Of the entries below, return exactly those lines that fall between the one containing "Mimořádná sleva 10% na vybrané TV LG" and the one containing "Medium berghaus puffer", the two end lines included.

▸ **Available records**:
★ ★ ★
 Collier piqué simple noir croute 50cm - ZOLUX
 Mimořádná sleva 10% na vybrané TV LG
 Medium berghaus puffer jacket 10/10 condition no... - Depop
★ ★ ★
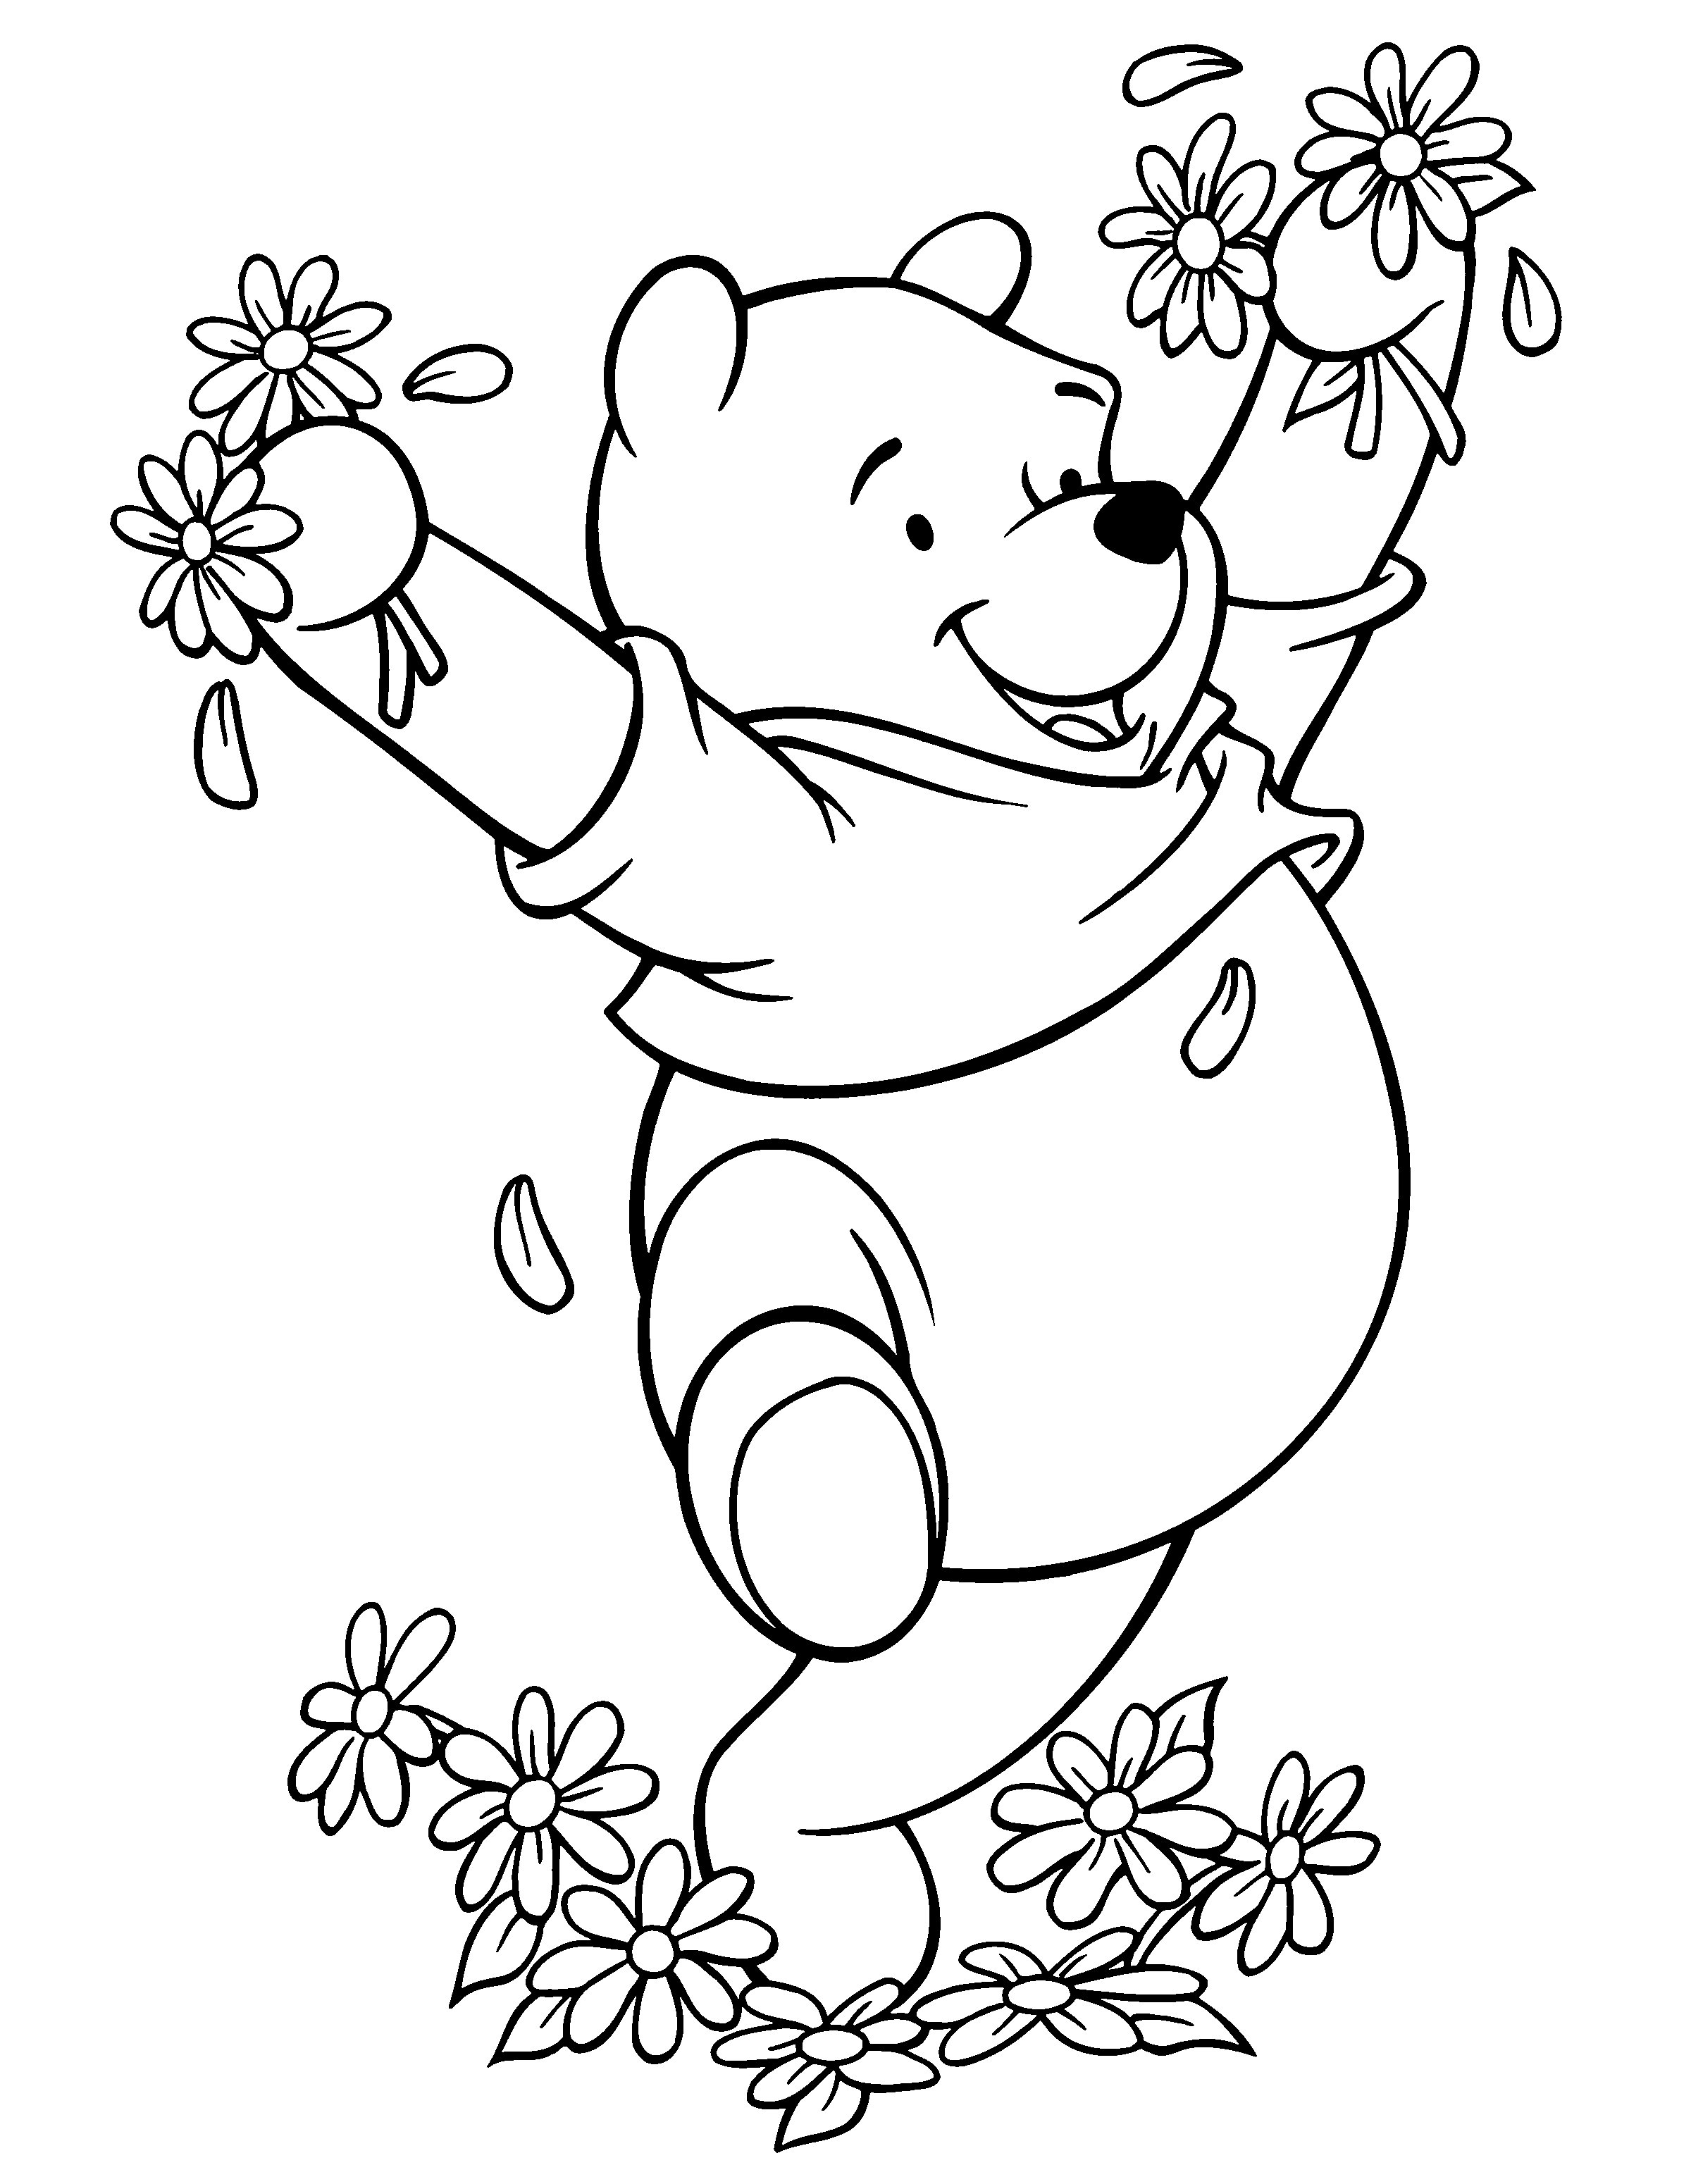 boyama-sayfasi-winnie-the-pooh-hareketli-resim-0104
★ ★ ★
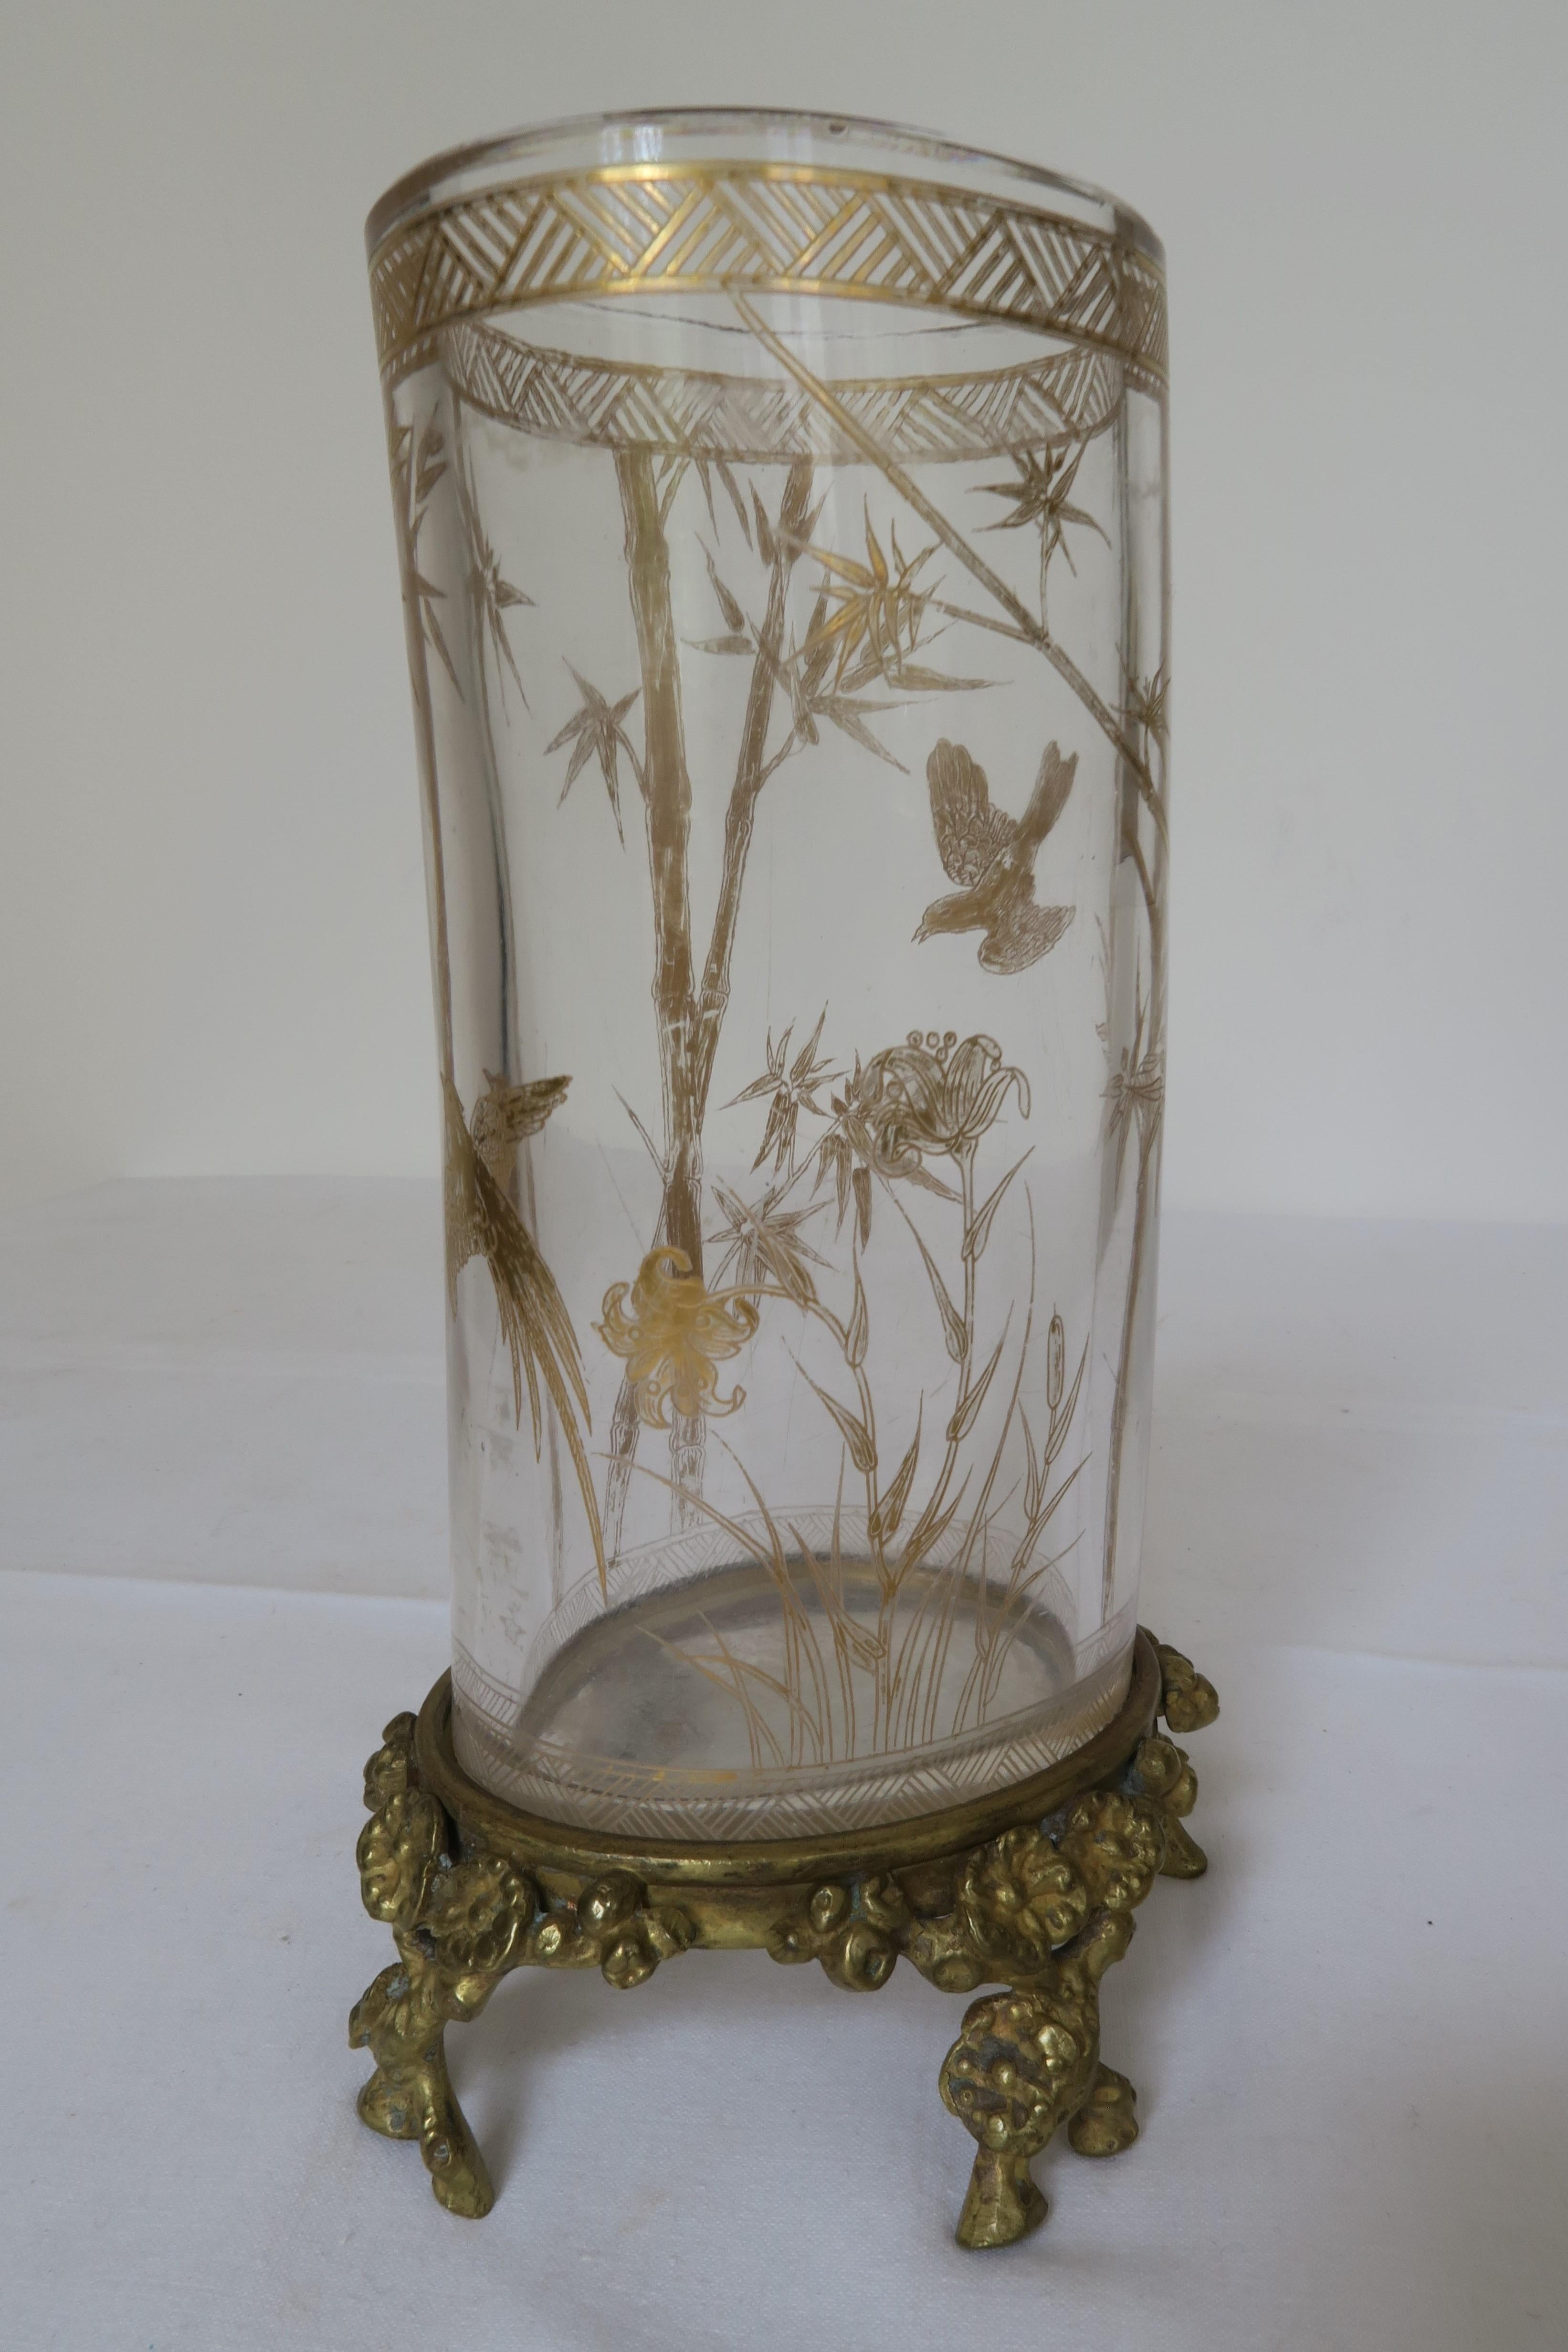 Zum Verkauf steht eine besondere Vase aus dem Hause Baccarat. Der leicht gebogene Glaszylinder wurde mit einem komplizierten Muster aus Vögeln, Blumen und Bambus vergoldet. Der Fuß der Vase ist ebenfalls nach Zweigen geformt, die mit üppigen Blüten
★ ★ ★
▸ **Answer box**:
 Mimořádná sleva 10% na vybrané TV LG
 Medium berghaus puffer jacket 10/10 condition no... - Depop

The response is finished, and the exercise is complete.